Chapter 22: Key Takeaways - Machine Learning Applications

Quick Reference Summary

This chapter covered applying machine learning techniques to college football analytics, from classification to clustering and neural networks.


Core Concepts

ML Task Types in Football

Task Description Example
Classification Predict discrete outcomes Win/loss, drafted/undrafted
Regression Predict continuous values Point spread, draft pick
Clustering Group similar items Player archetypes
Sequence Model sequential data Play prediction

Key Algorithms

Algorithm Strengths Use Case
Logistic Regression Interpretable, fast Baseline predictions
Random Forest Handles non-linearity Feature importance
XGBoost High accuracy Game prediction
K-Means Unsupervised grouping Player archetypes
Neural Networks Complex patterns Sequence modeling

Essential Formulas

Classification Metrics

Accuracy = (TP + TN) / (TP + TN + FP + FN)

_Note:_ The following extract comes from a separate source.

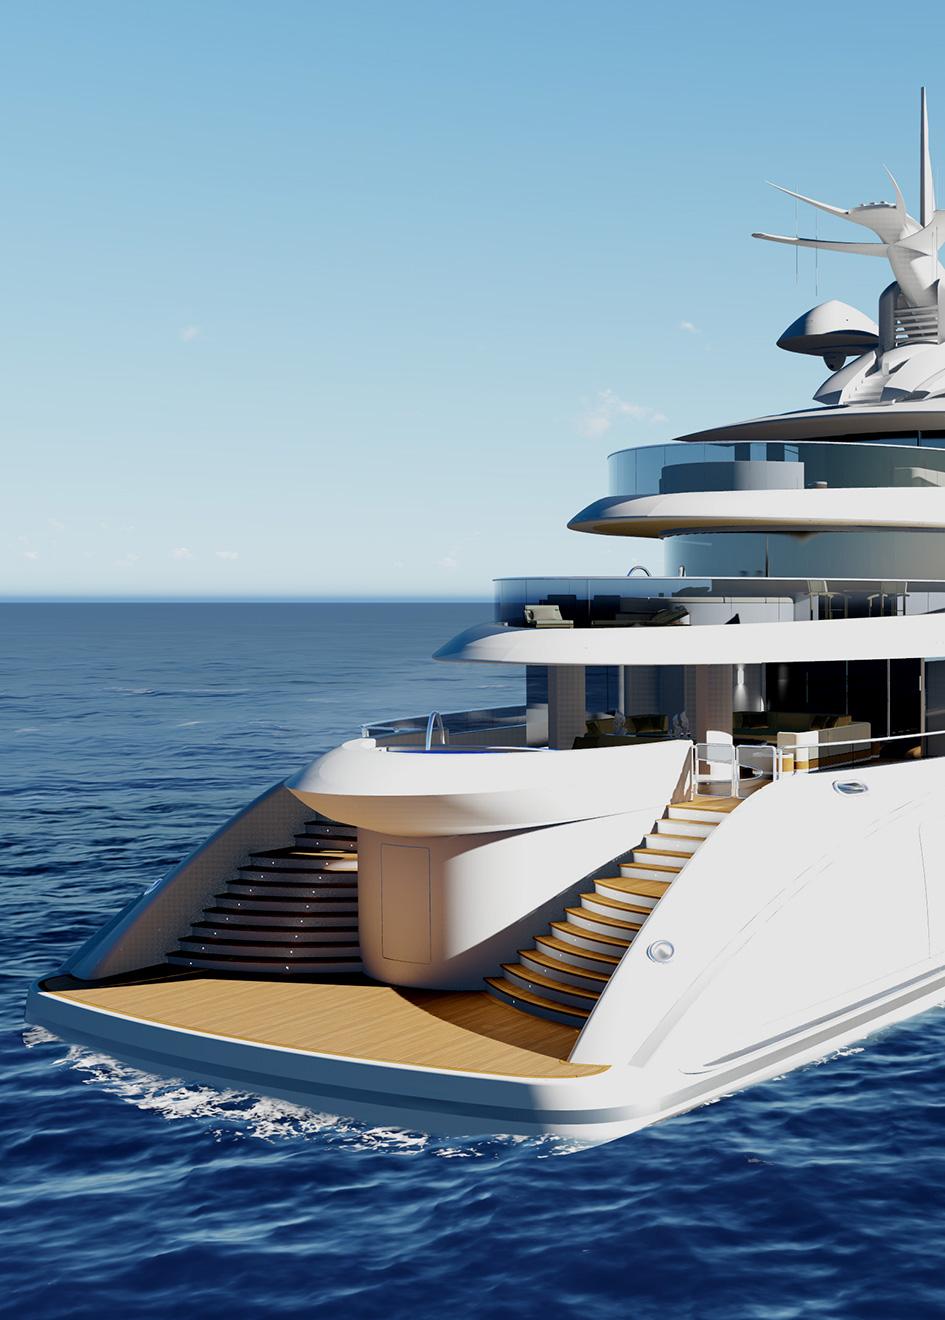 the-transom-of-90-metre-fincantieri-super-yacht-concept-sundance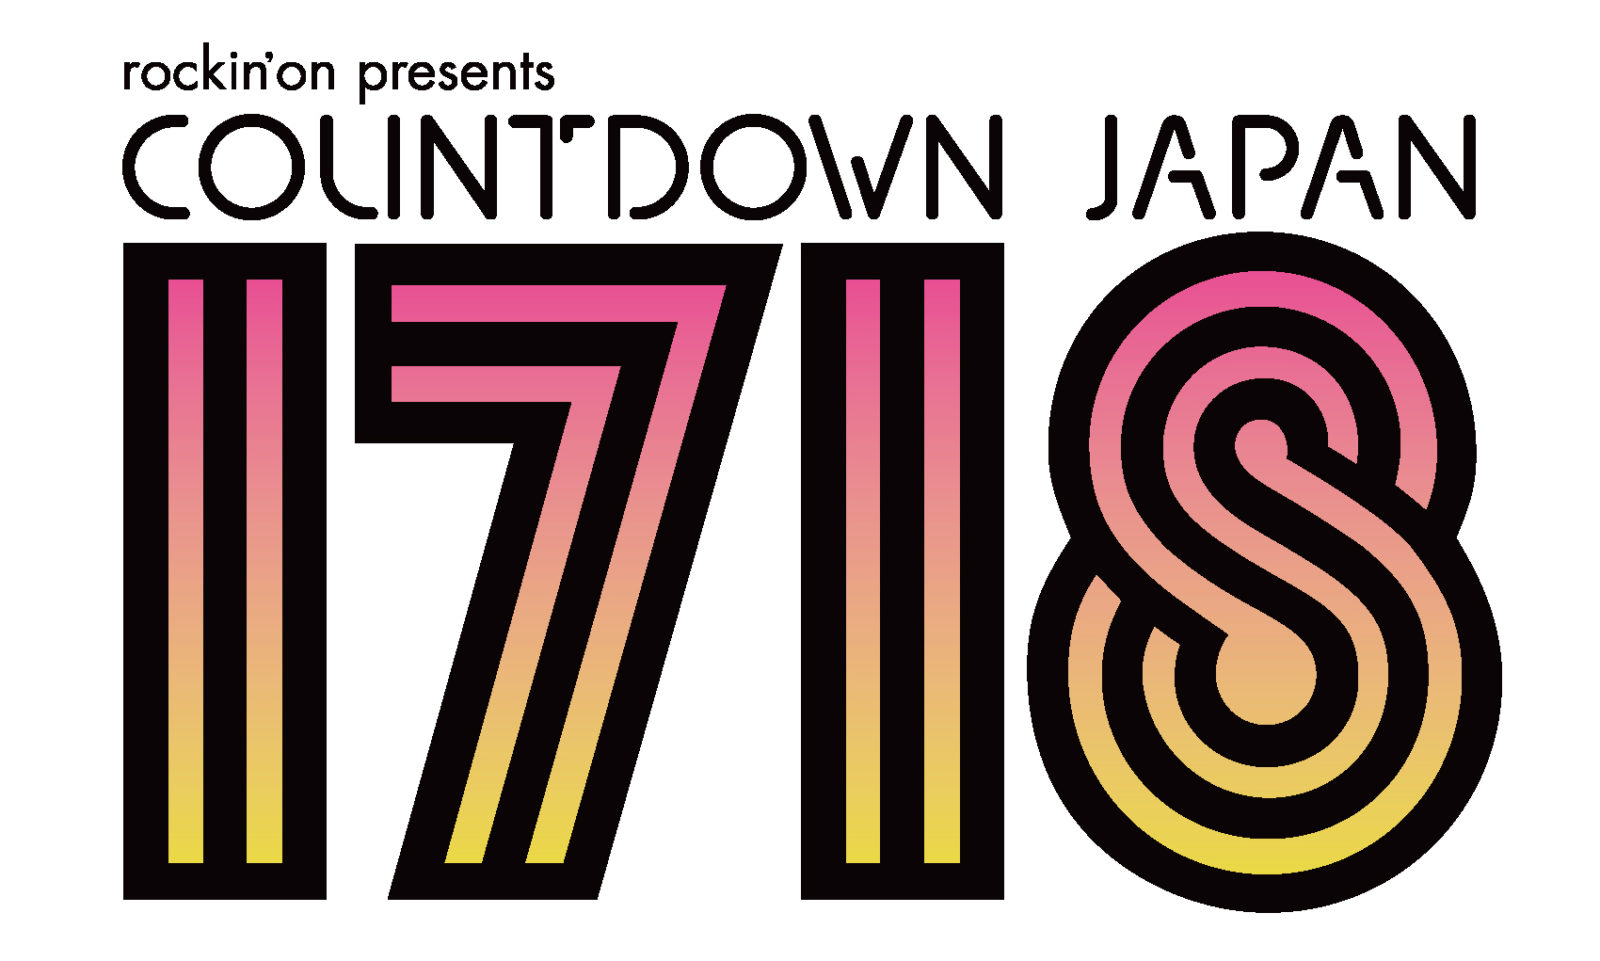 『COUNTDOWN JAPAN 17/18』WOWOWで2月に独占放送決定サムネイル画像

Precision = TP / (TP + FP)

Recall = TP / (TP + FN)

AUC = P(score(positive) > score(negative))

Brier Score

Brier Score = (1/n) * Σ(predicted_prob - actual_outcome)²

Range: 0 (perfect) to 1 (worst)
Good value: < 0.20 for game prediction

Expected Calibration Error

ECE = Σ (n_bin / n_total) × |predicted_avg - actual_avg|

Good value: < 0.05

Silhouette Score (Clustering)

s(i) = (b(i) - a(i)) / max(a(i), b(i))

a(i) = avg distance to same cluster
b(i) = avg distance to nearest other cluster
Range: -1 to 1 (higher is better)

Code Patterns

Basic Classification Pipeline

from sklearn.ensemble import GradientBoostingClassifier
from sklearn.preprocessing import StandardScaler
from sklearn.model_selection import train_test_split
from sklearn.metrics import accuracy_score, brier_score_loss

def train_game_predictor(games: pd.DataFrame, features: list):
    """Train basic game outcome predictor."""
    X = games[features].values
    y = games['home_win'].values

    # Temporal split
    X_train, X_test, y_train, y_test = train_test_split(
        X, y, test_size=0.2, shuffle=False
    )

    # Scale
    scaler = StandardScaler()
    X_train = scaler.fit_transform(X_train)
    X_test = scaler.transform(X_test)

    # Train
    model = GradientBoostingClassifier(n_estimators=100, max_depth=4)
    model.fit(X_train, y_train)

    # Evaluate
    y_prob = model.predict_proba(X_test)[:, 1]
    print(f"Accuracy: {accuracy_score(y_test, (y_prob > 0.5)):.3f}")
    print(f"Brier: {brier_score_loss(y_test, y_prob):.3f}")

    return model, scaler

Ensemble Construction

def build_weighted_ensemble(models: dict, X_val, y_val):
    """Build weighted ensemble from multiple models."""
    weights = {}

    for name, model in models.items():
        y_prob = model.predict_proba(X_val)[:, 1]
        brier = brier_score_loss(y_val, y_prob)
        weights[name] = 1 / (brier + 0.01)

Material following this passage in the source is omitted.